Ad Kan
- Type: Non-governmental organization
- Purpose: Israeli organization
- Location: Israel;
- Director: Gilad Ach
- Website: adkan.org.il

= Ad Kan =

Israeli NGO

Ad Kan [“Ad Kan” (Hebrew), or “It Stops Now”] is an Israeli activist organization which was started in 2015 by Israeli security personnel to defend Israel’s Zionist character from internal and external anti-zionist groups. The name “Ad Kan”, or “It Stops Now” is used to refer to the activities by anti-Zionist groups against the State of Israel, that they must “stop now”.

Ad Kan utilizes their espionage, research, and law divisions, as well as the media to deter these anti-Zionist and pro BDS (Boycott, Divest and Sanction of Israel) groups. The organization has executed hundreds of spy missions against these organizations and other groups in order to uncover their activities. Ad Kan’s research team investigates these and other groups to expose and map their activities and funding. The information is used to pass laws in Israel’s parliament and prosecute dozens of court cases against these organizations. They hand over this information to the Israeli security forces. On the media front, Ad Kan has aired several television documentaries on the main Israeli television channels based on their findings. They also manage social media pages in Hebrew and English on Facebook, Twitter, Instagram and TikTok.

== Background ==
Ad Kan is a right-wing, Israeli non-profit organization that investigates and protests activity, which they determine to be detrimental to the image and resilience of the State of Israel. The organization infiltrates those groups which appear to undermine Israeli law, policy or security, in order to collect first-hand information about the groups' activities and methods. Ad Kan then passes the collected information and evidence to the Israeli authorities or to the media.

== Activities ==
In 2014, Ad Kan activists, Itzik Goldway and his girlfriend infiltrated Ta'ayush, an Arab-Jewish partnership whose aims include preventing Palestinians in the South Hebron Hills from being deprived of their land and homes; they captured footage of Ezra Nawi, claiming to have lured Palestinian land sellers into deals and then turning them over to Palestinian authorities, which could potentially lead to the death penalty. The footage was aired on the Israeli investigative television program Uvda in 2016; the program was criticized by journalist Amira Hass for its failure to investigate the background, funding and sources of Ad Kan, referring to the program as "a puff piece for a privatized, mini-Shin Bet". Nawi was arrested in 2016 on suspicion of various offences, including accessory to manslaughter, conspiring in attempted murder and drug use. These charges were not pursued due to lack of evidence. He was ultimately indicted in 2018 for "cooperation with Palestinian security forces", making him the first Jew to be charged with an Oslo era law against aiding the Palestinian Authority. Nawi died in January 2021 and before the completion of the legal process.

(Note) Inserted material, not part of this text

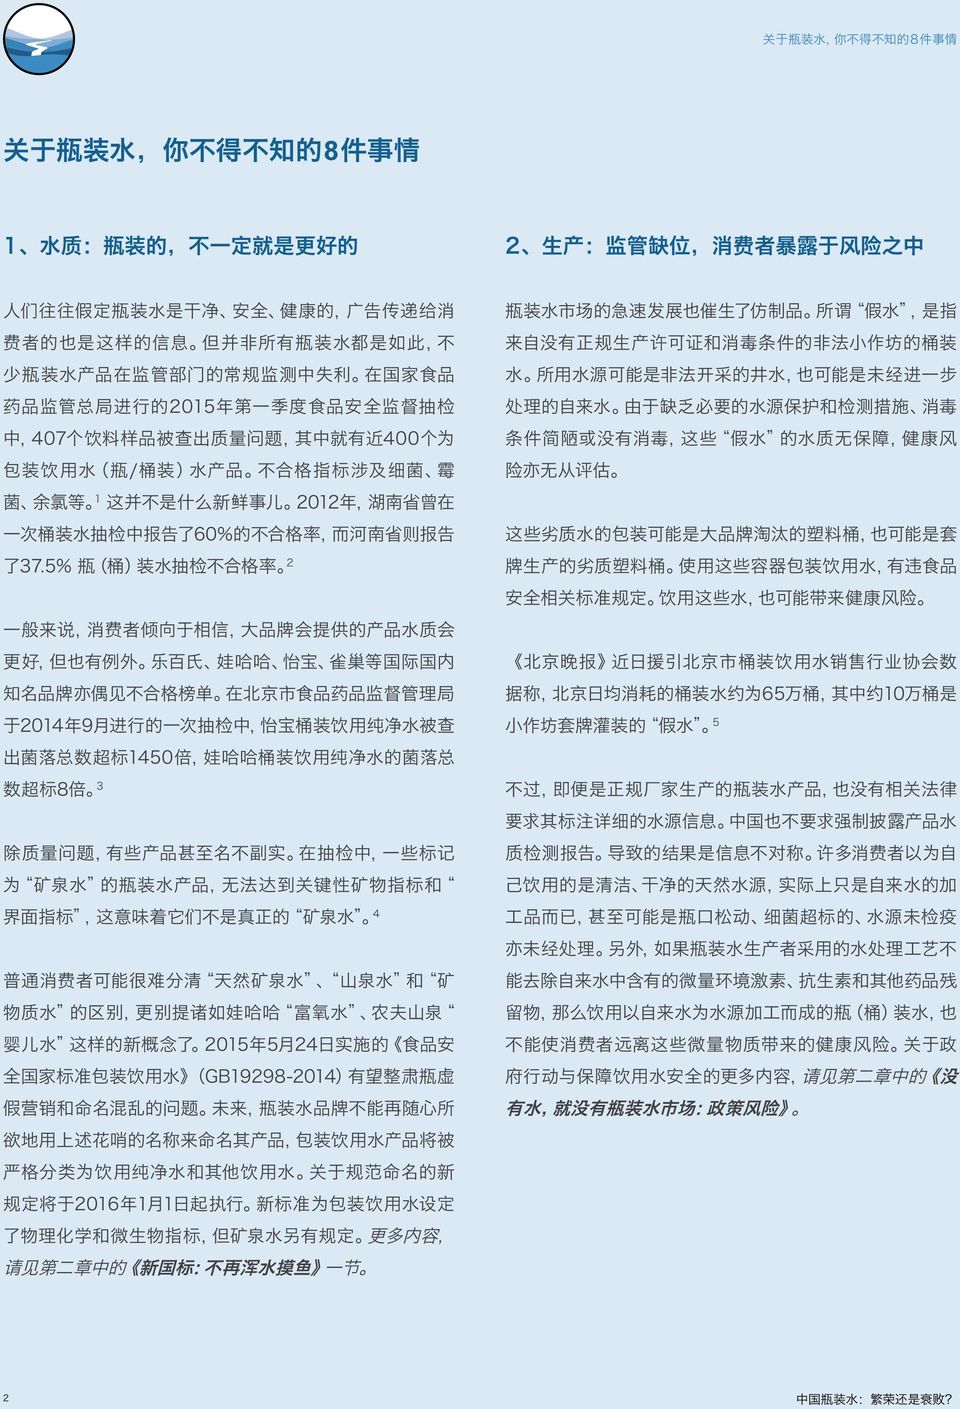 不 合 格 指 标 涉 及 细 菌 霉 菌 余 氯 等 1 这 并 不 是 什 么 新 鲜 事 儿 2 012 年, 湖 南 省 曾 在 一 次 桶 装 水 抽 检 中 报 告 了 60% 的 不 合 格 率, 而 河 南 省 则 报 告 了 37.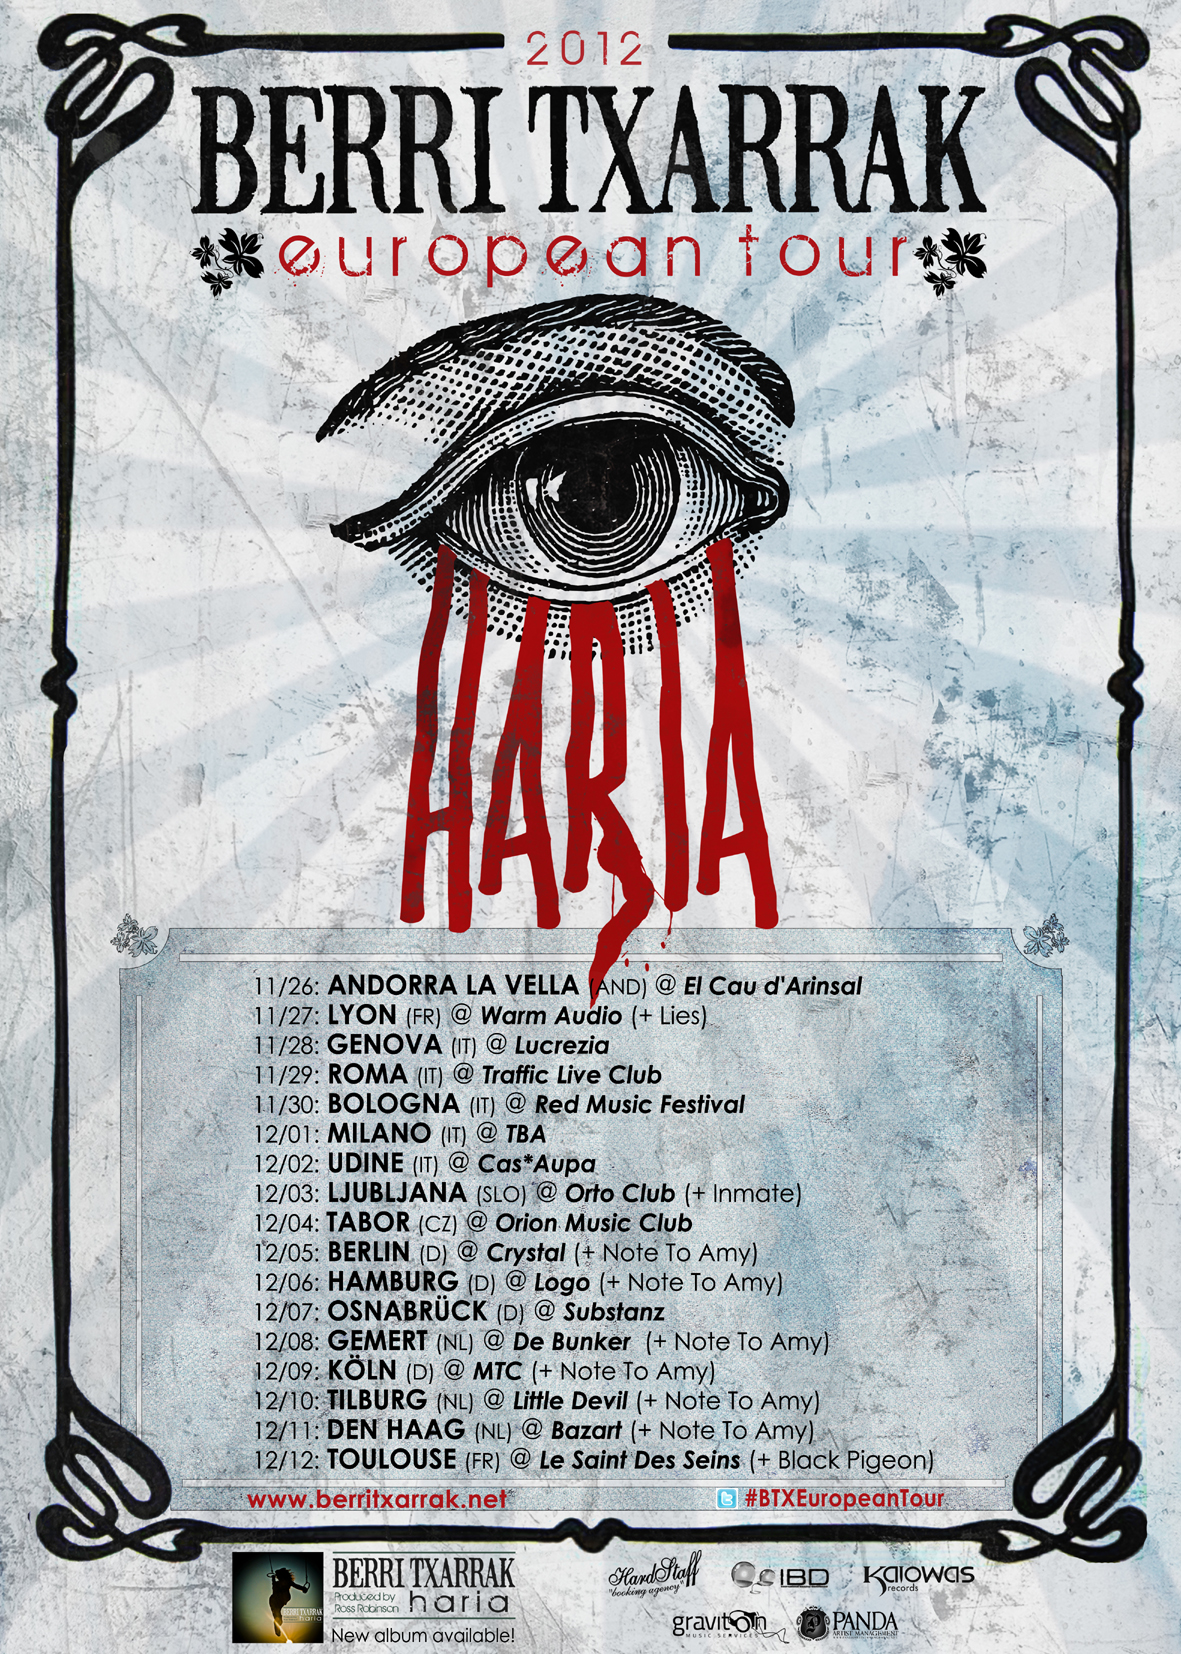 BERRI TXARRAK EUROPEAN TOUR 2012 ANNOUNCED!

Their investigation into the NGO Breaking the Silence claimed to show they had tried to obtain classified information about "troop deployment, operational methods and mission procedures." It led to a Channel 2 report, as well as the then defense minister Moshe Ya'alon ordering an investigation for what he termed "treason". In response, Yuli Novak, then executive director of Breaking the Silence, accused Benjamin Netanyahu of “turning Israel’s security services into a political tool" and further stated: “Netanyahu’s attempt to shut down the NGO and harm soldiers and combatants who object to the occupation should worry all those concerned for Israel’s future.” She further clarified that the information contained in the Channel 2 report had passed through the IDF censors. An inquiry by the State Attorney's Office found no evidence of wrongdoing, or criminal behaviour, on the part of Breaking the Silence; an appeal by Ad Kan against that decision also failed. At the conclusion of the appeals process executive director of Breaking the Silence, Avner Gvaryahu, stated: "It is now clear to everyone that the settlers’ organizations have lied to the press, to the prosecution, to the public and to all of us. Those trying to label soldiers who break the silence as traitors, spies and foreign agents have failed again."

In 2018, the organization put up faux demolition notices on the homes of members of the left-wing NGO HaMoked. The faux demolition notice stated "The demolition of terrorist houses prevents the next attack. Do not help terror and do not lend a hand to the next murder!" and concluded with "demolition order". In December 2018, the organization initiated a complaint against the organization Anarchists Against the Wall, the complaint led to Anarchists Against the Wall facing criminal charges for throwing stones at the security forces with the intent to harm them.

In 2020, the organization published a report about a Combatants for Peace activist, Neta Hazan, claiming she was a Palestinian Preventive Security agent. The document used to substantiate the claim was deemed forged by the courts.